◆ EXERCISE:
Quote the whole listing word for word. Do not include the pictures.

◆ DATA SEGMENT:
┌──

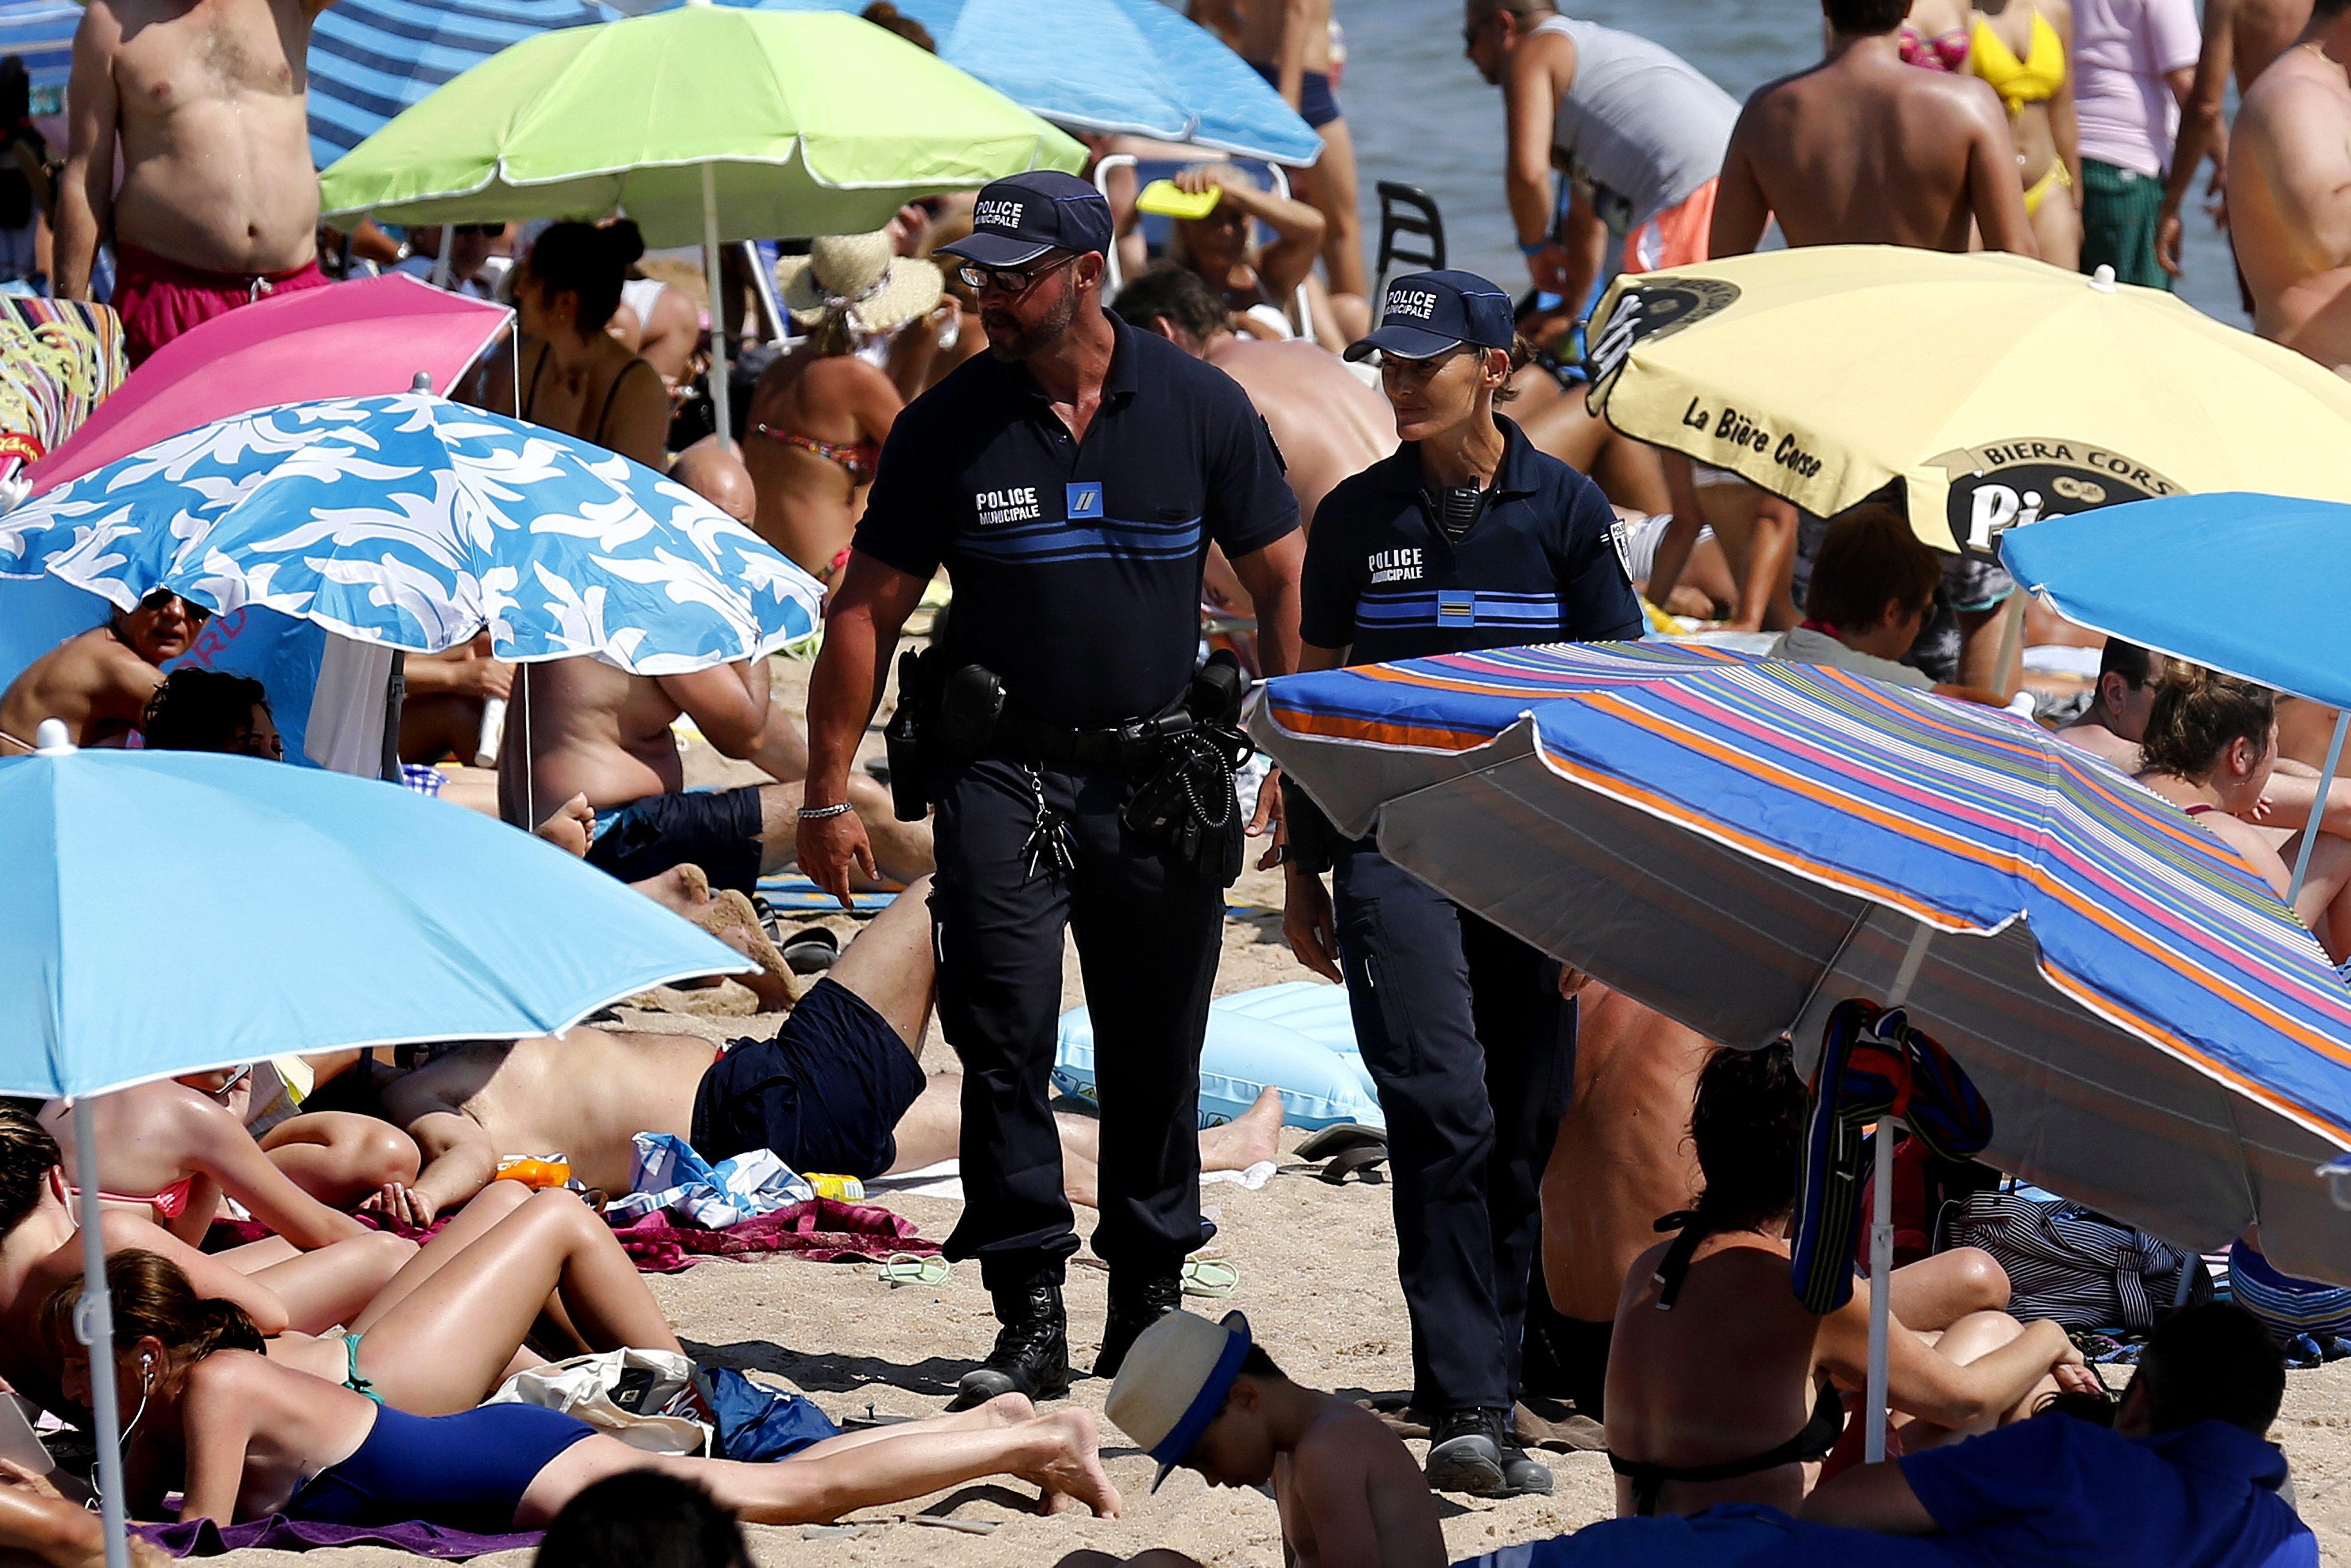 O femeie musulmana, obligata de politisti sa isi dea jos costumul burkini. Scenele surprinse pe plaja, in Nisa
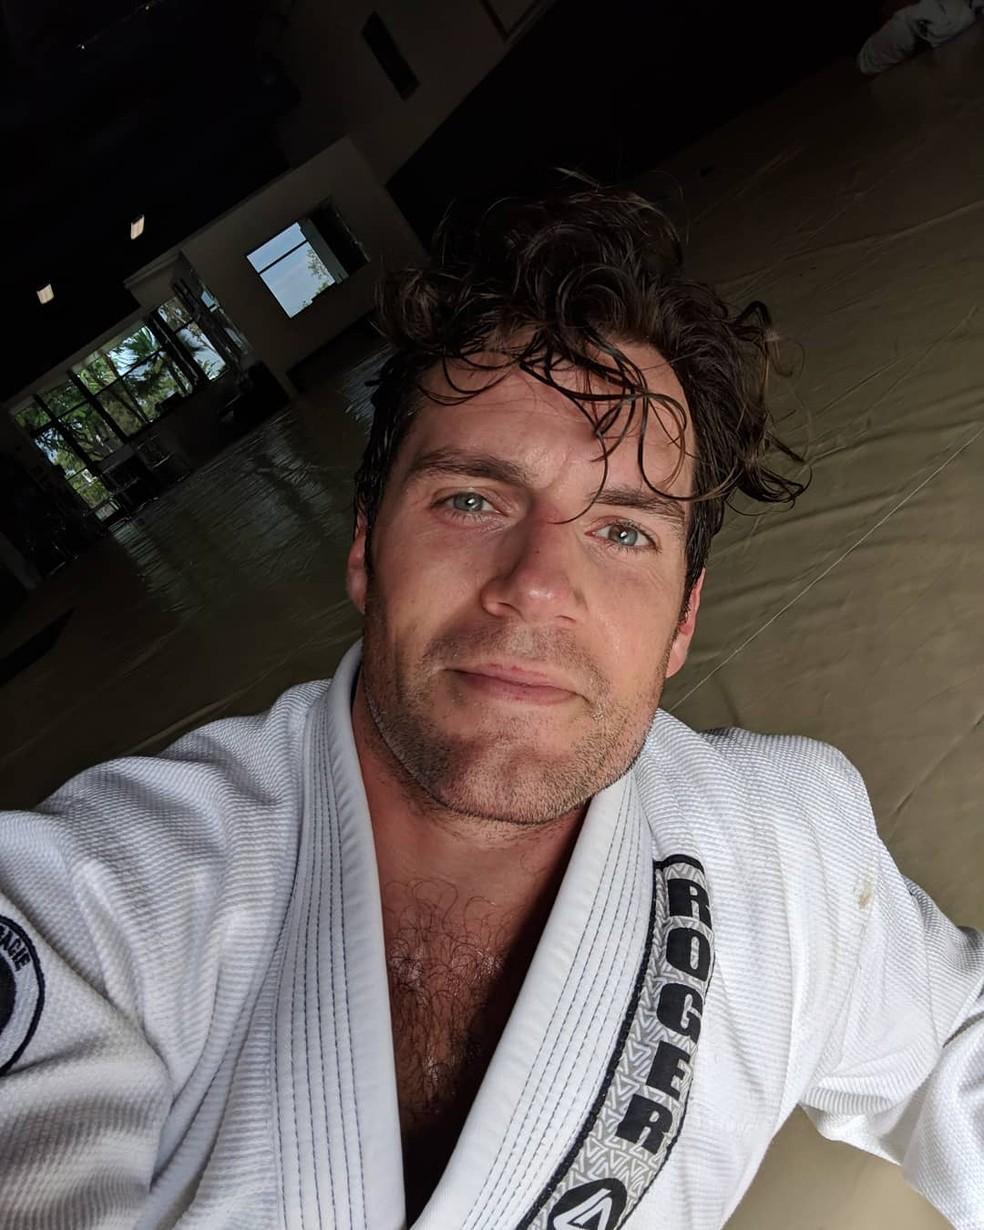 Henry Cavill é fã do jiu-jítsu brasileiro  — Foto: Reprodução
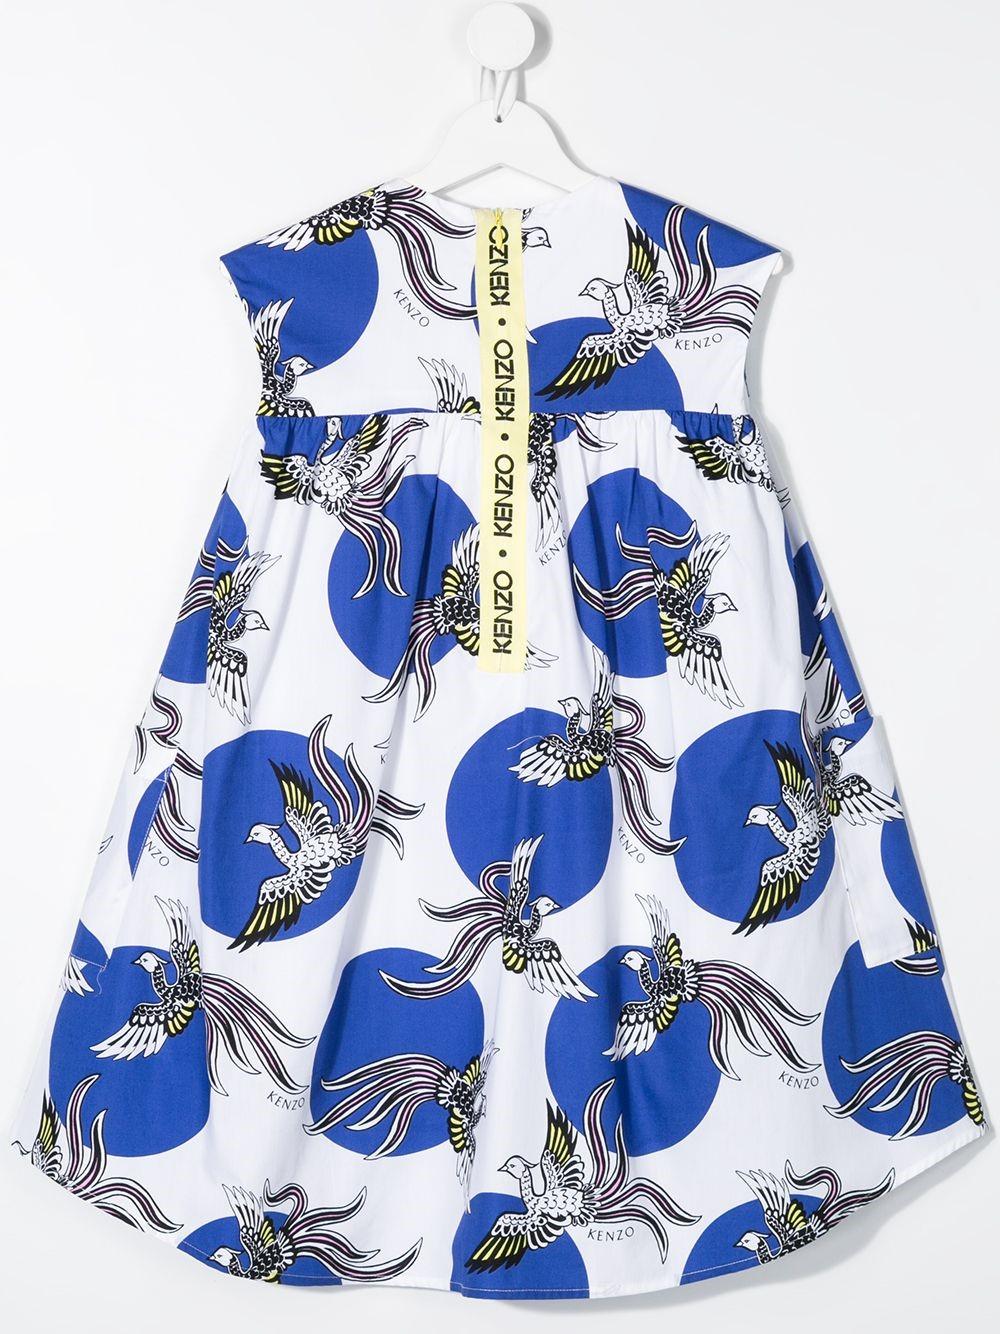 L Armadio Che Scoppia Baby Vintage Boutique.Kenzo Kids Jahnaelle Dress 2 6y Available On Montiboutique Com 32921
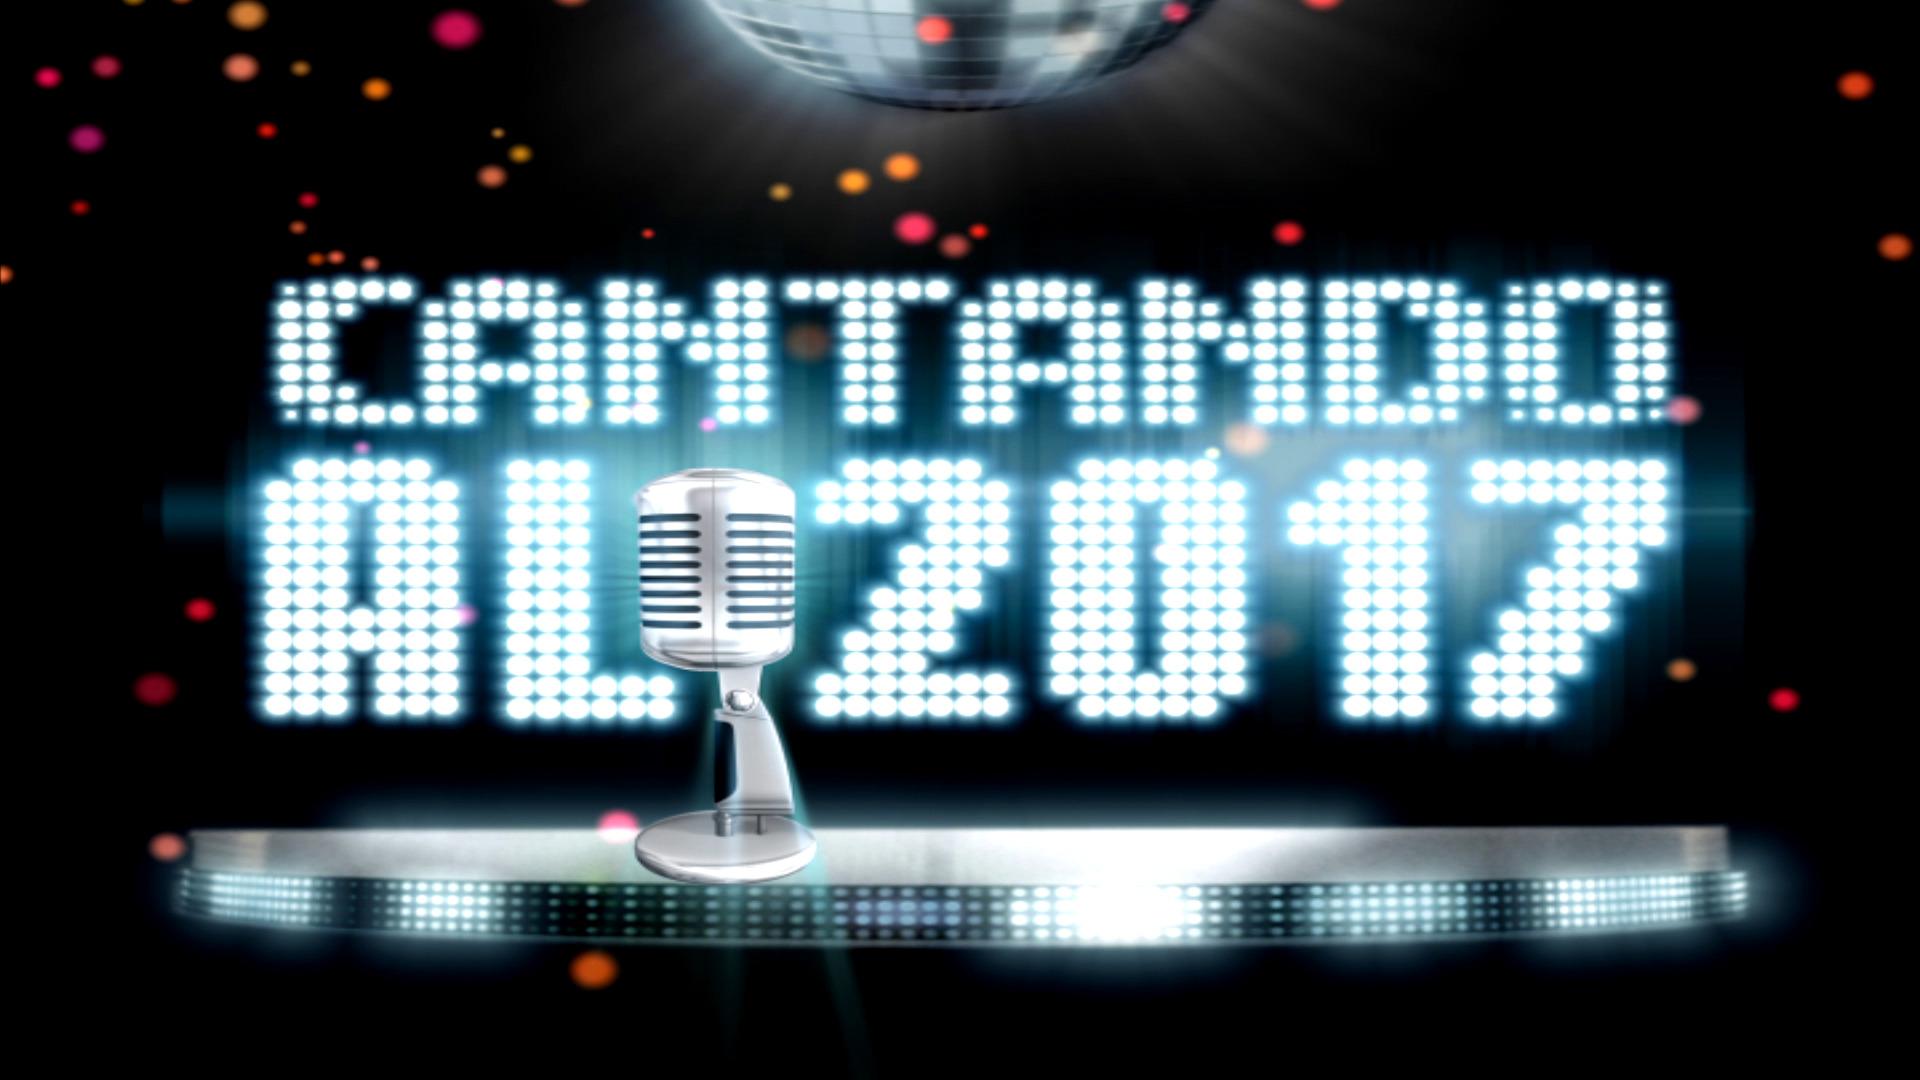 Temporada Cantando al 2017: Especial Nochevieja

└──

◆ TASK SOLUTION:
 O femeie musulmana, obligata de politisti sa isi dea jos costumul burkini. Scenele surprinse pe plaja, in Nisa
 Henry Cavill é fã do jiu-jítsu brasileiro  — Foto: Reprodução
 L Armadio Che Scoppia Baby Vintage Boutique.Kenzo Kids Jahnaelle Dress 2 6y Available On Montiboutique Com 32921
 Temporada Cantando al 2017: Especial Nochevieja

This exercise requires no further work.